Many studies concluded that white matter hyper-intensities (WMHs) are common imaging findings in MRI brain of migraine patients [31]. The prevalence of WMH in migraine patients were varied in different studies ranging from high prevalence as in Le Pira and colleagues and Zhang and colleagues, 43.2 and 32%, respectively [31, 32] to low prevalence as in Zeytin and colleagues which was 11.5% [33]. This discrepancy in prevalence was attributed to the differences in the sample size and patient selection.
White matter hyper-intensities as MR imaging feature in migraine patients commonly resemble the white matter lesions observed in inflammatory disorders, such as multiple sclerosis and representing a challenge for diagnosis. However, presence of central vein sign and more than three periventricular lesions is specific for multiple sclerosis [34, 35].
In the current study, the prevalence of brain MRI white matter hyper-intensities in RA patient with migraine was 54.8%. This prevalence was higher than that in Le Pira and colleagues and Zhang and colleague. These differences may be explained by the added inflammatory effect of both migraine and rheumatoid disorders on brain micro-vasculature and ischemic brain injuries [31, 32].
In this study, brain MRI was performed for migraine group and exhibited that white matter hyper-intensities (WMHs) were significantly higher in migraine patients with aura (41.2%) than migraine patients without aura (17.9%) with statistically significant P value (p < 0.047). This was concordant with Rossato and colleagues who found that there was higher prevalence of WMHs in migraine patient with aura due to ischemic brain injury resulted from alteration of cerebral blood flow with subsequent high or low cerebral perfusion which is modulated by cortical spreading depression occurring in aura patients [36].
In the current study, abnormal brain MRI in the form of WMHs were significantly higher in older patients with mean age of about 45 years and in patients with longer migraine duration and with longer rheumatoid duration with statistically significant P value (p < 0.034, P < 0.004 and P < 0.015, respectively). These were in agreement with Negm and colleagues and Toghae and colleagues who found that WMHs in migraine patients were directly proportional to patient’s age and disease duration [37, 38]. On the other hand, the current study results did not match with the studies of Trauninger and colleagues and Gomez-Beldarrain and colleagues, as they concluded that there was no significant relation regarding patient’s age and duration of the disease and they concluded that there was a remission of migraine episodes with aging of the patient [39, 40].

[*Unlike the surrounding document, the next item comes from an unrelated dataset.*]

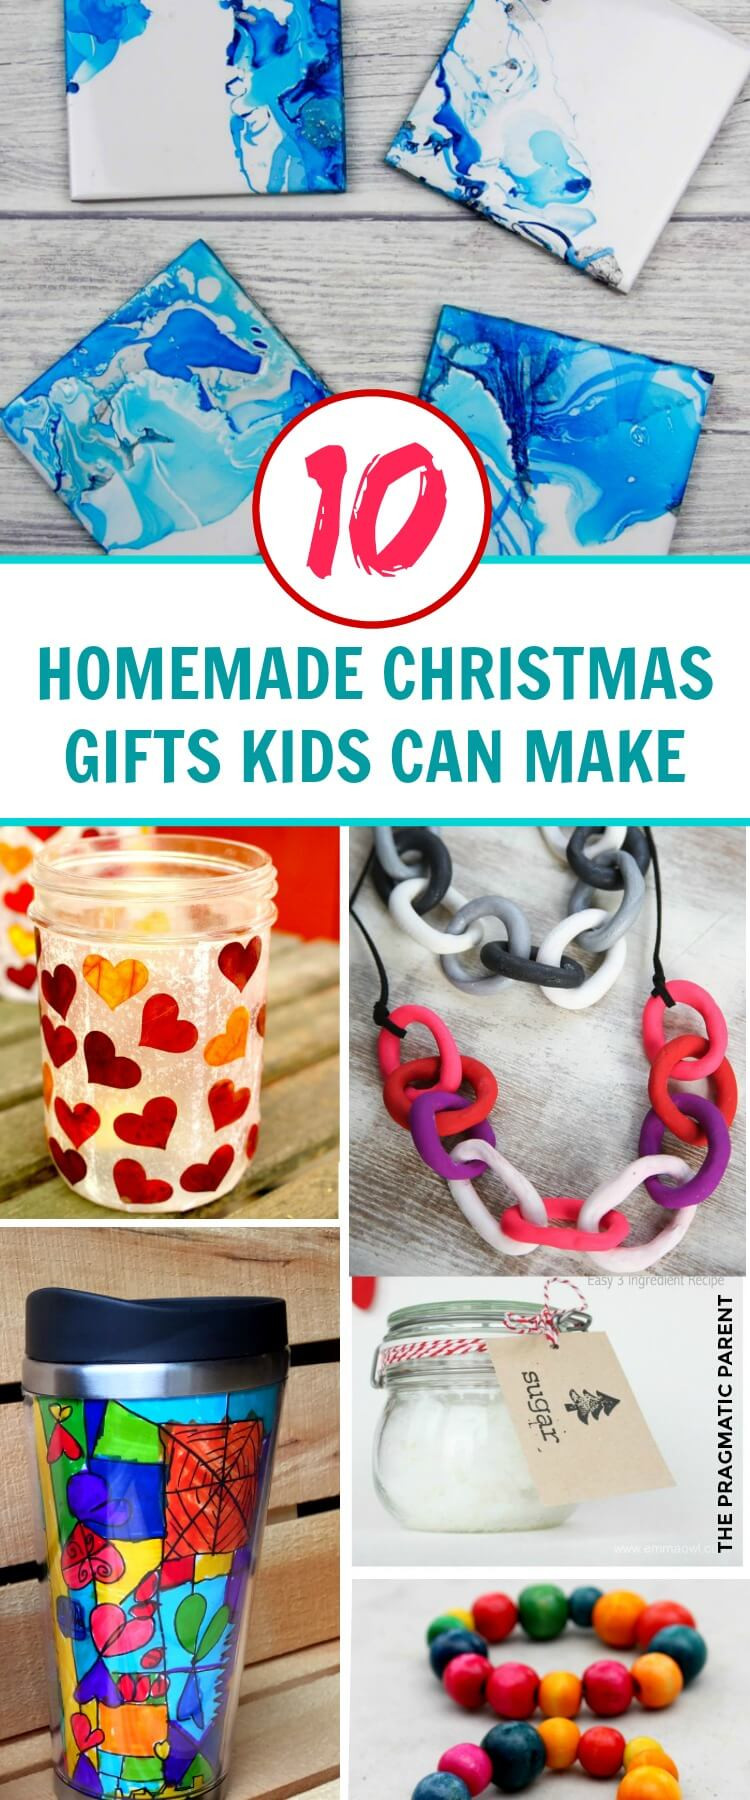 Holiday Gifts Kids Can Make
 10 Beautiful Homemade Christmas Gifts Kids Can Make

In this study, abnormal brain MRI in the form of WMHs was significantly higher in patients with elevated ESR with statistically significant P value (P < 0.22), otherwise in this study there was no statistically significant difference regarding CRP, DAS-28 or MHAQ in development of WMHs.
Limitations of the study were small patients sample size, absence of psychiatric assessment and absence of control group study.